BEGIN DATASET ENTRIES

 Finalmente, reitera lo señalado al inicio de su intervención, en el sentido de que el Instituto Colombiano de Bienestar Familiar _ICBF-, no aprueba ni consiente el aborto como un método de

END DATASET ENTRIES
BEGIN DATASET ENTRIES

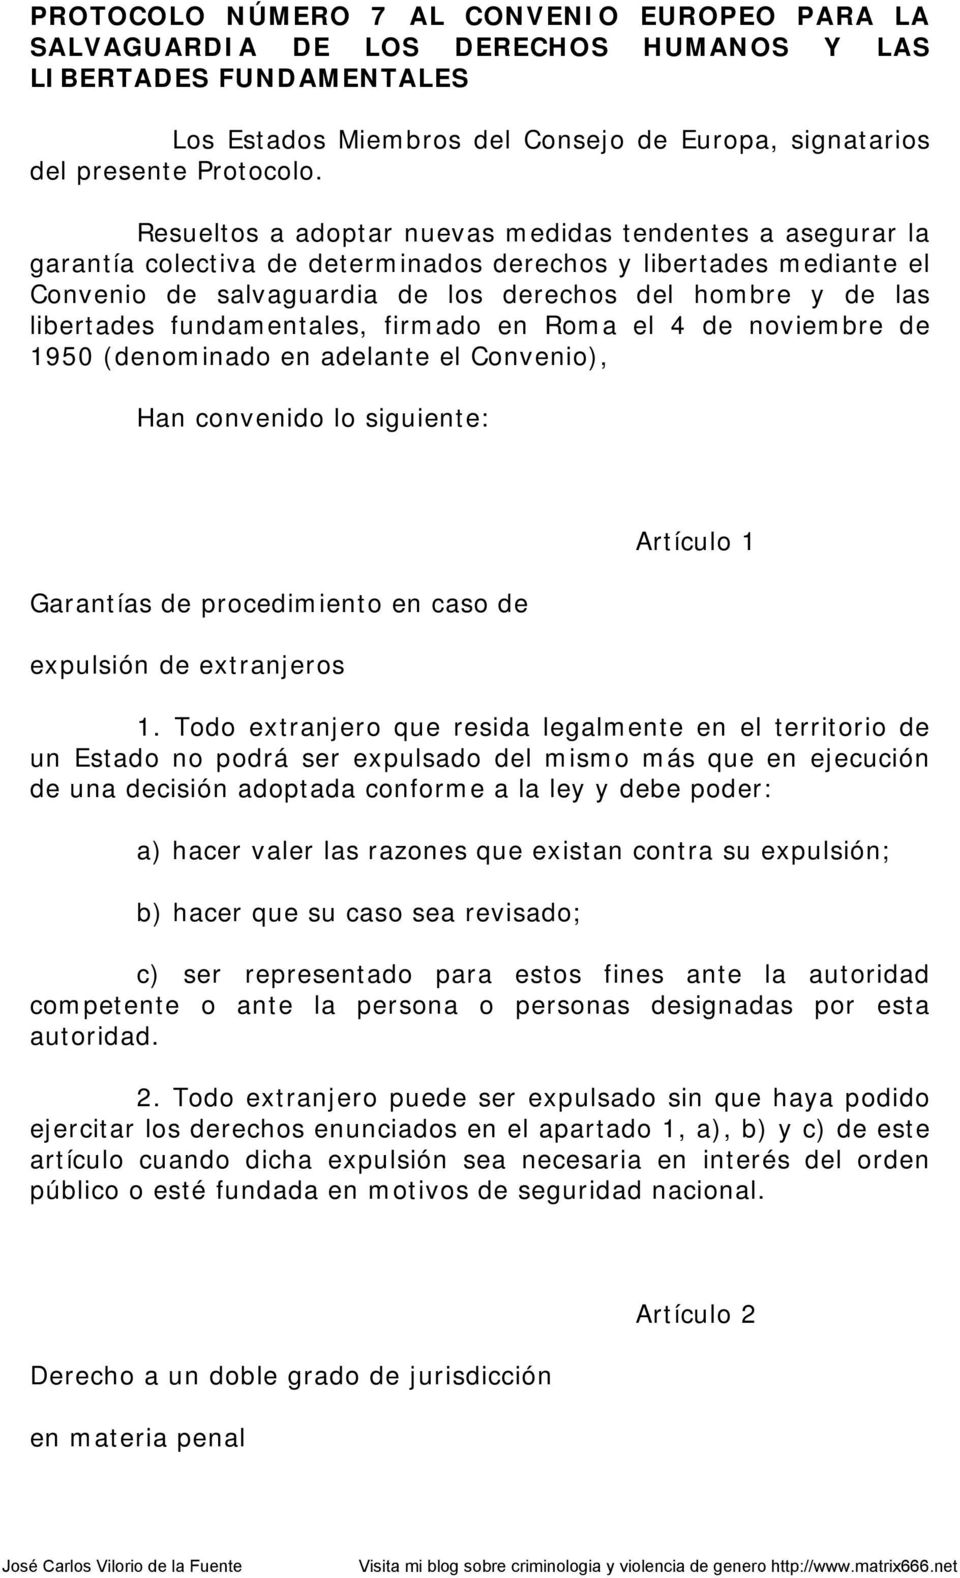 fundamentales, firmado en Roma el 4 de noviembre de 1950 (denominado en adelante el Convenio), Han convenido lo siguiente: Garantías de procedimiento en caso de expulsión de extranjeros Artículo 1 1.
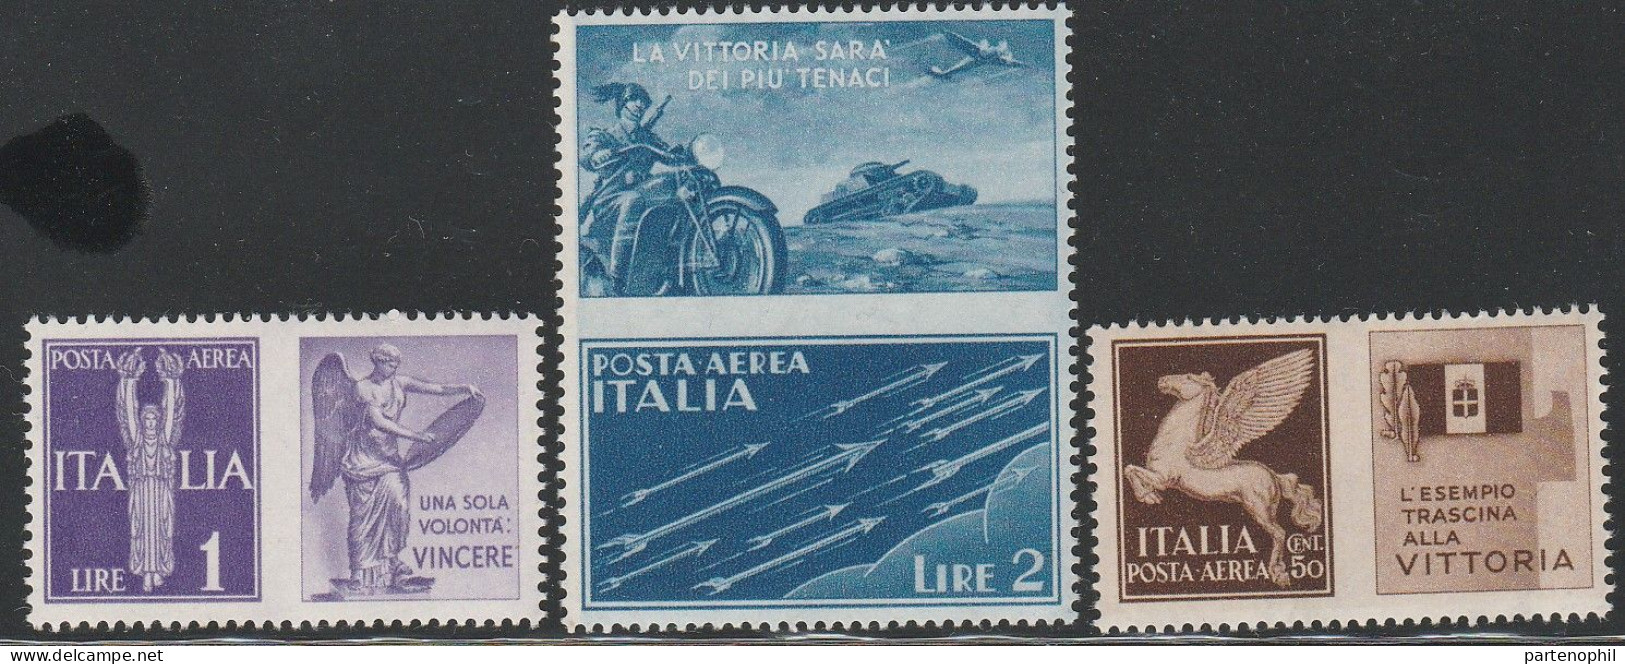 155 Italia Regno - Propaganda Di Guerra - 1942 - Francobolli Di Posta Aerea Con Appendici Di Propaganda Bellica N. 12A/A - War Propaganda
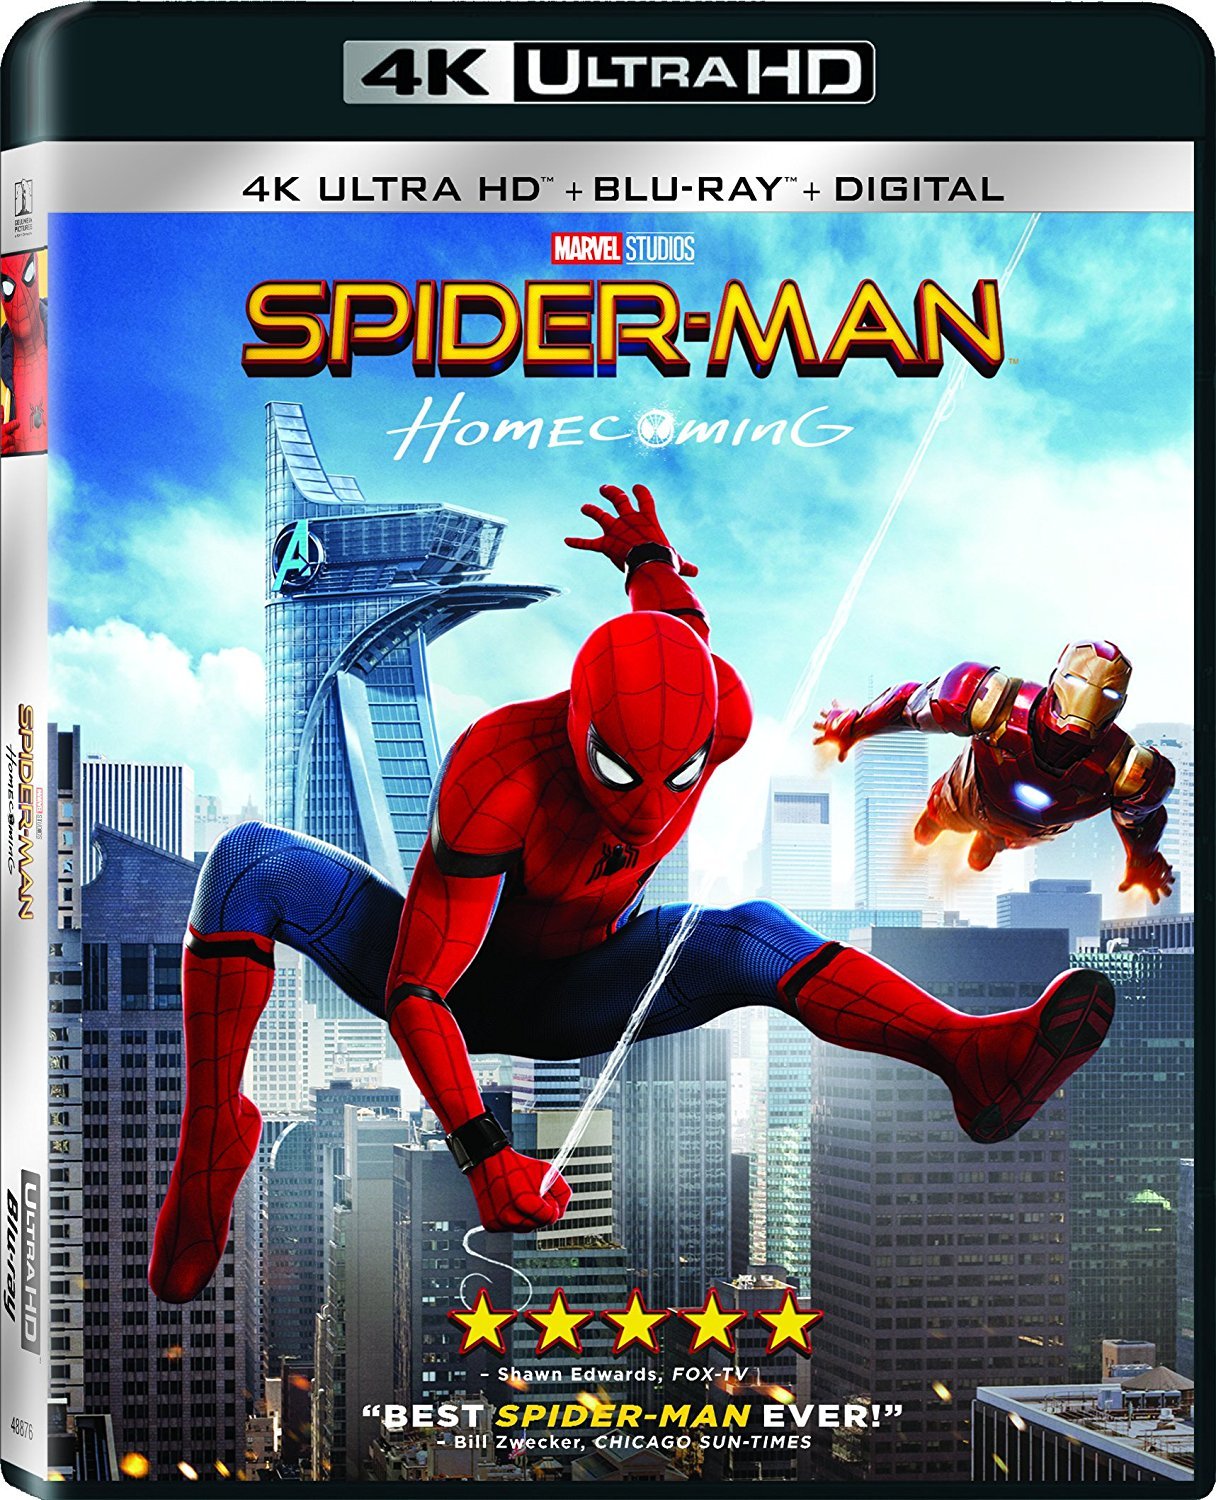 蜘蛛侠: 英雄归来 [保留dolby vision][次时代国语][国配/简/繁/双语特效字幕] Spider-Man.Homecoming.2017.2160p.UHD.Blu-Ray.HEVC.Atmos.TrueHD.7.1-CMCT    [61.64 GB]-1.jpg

END DATASET ENTRIES
BEGIN DATASET ENTRIES

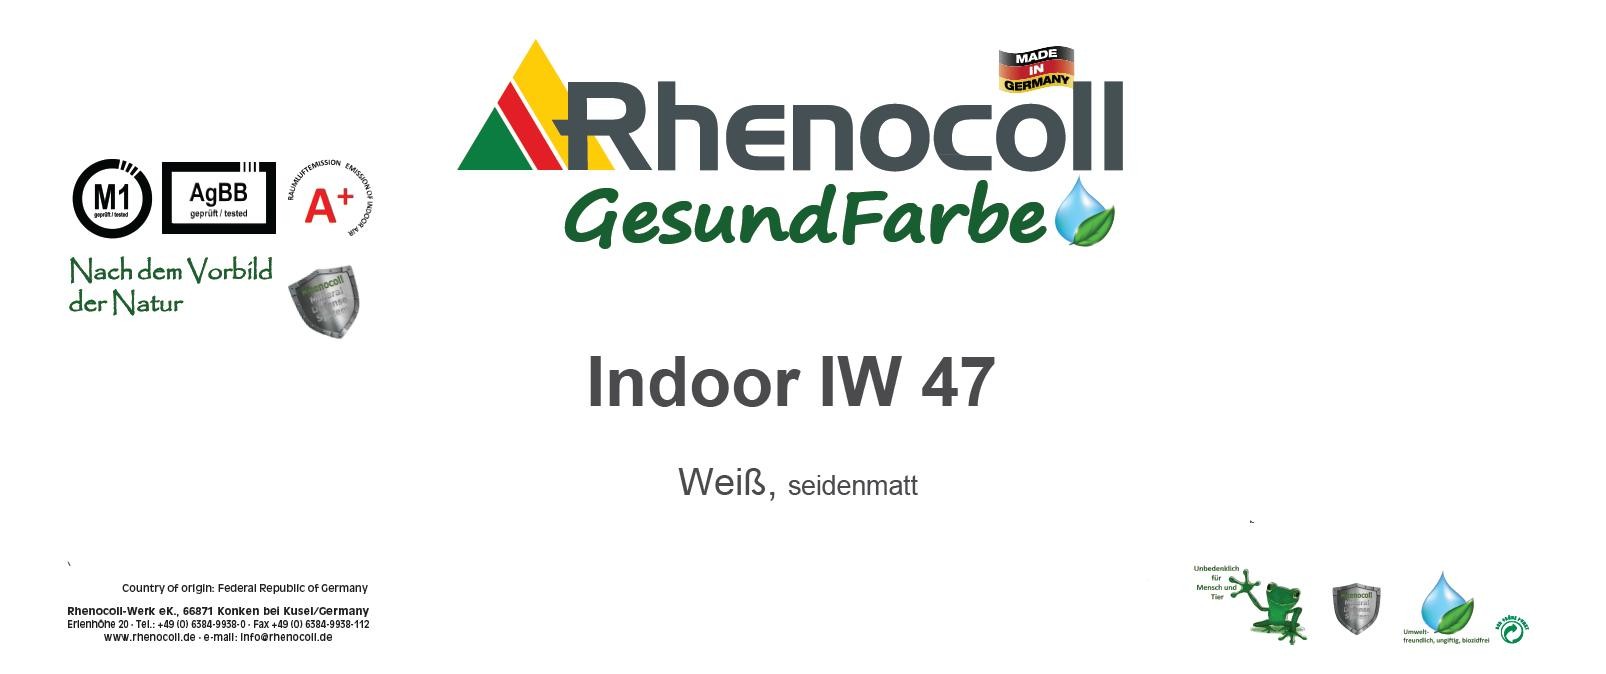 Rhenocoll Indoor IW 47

END DATASET ENTRIES

# [ACTION ITEM]
For the data above, set down exactly the lines from the line with "fundamentales, firmado en" to the line with "蜘蛛侠: 英雄归来 [保留dolby", both included, leaving pictures out.

# [ANSWER FOR THE TASK]
 fundamentales, firmado en Roma el 4 de noviembre de 1950 (denominado en adelante el Convenio), Han convenido lo siguiente: Garantías de procedimiento en caso de expulsión de extranjeros Artículo 1 1.
 155 Italia Regno - Propaganda Di Guerra - 1942 - Francobolli Di Posta Aerea Con Appendici Di Propaganda Bellica N. 12A/A - War Propaganda
 蜘蛛侠: 英雄归来 [保留dolby vision][次时代国语][国配/简/繁/双语特效字幕] Spider-Man.Homecoming.2017.2160p.UHD.Blu-Ray.HEVC.Atmos.TrueHD.7.1-CMCT    [61.64 GB]-1.jpg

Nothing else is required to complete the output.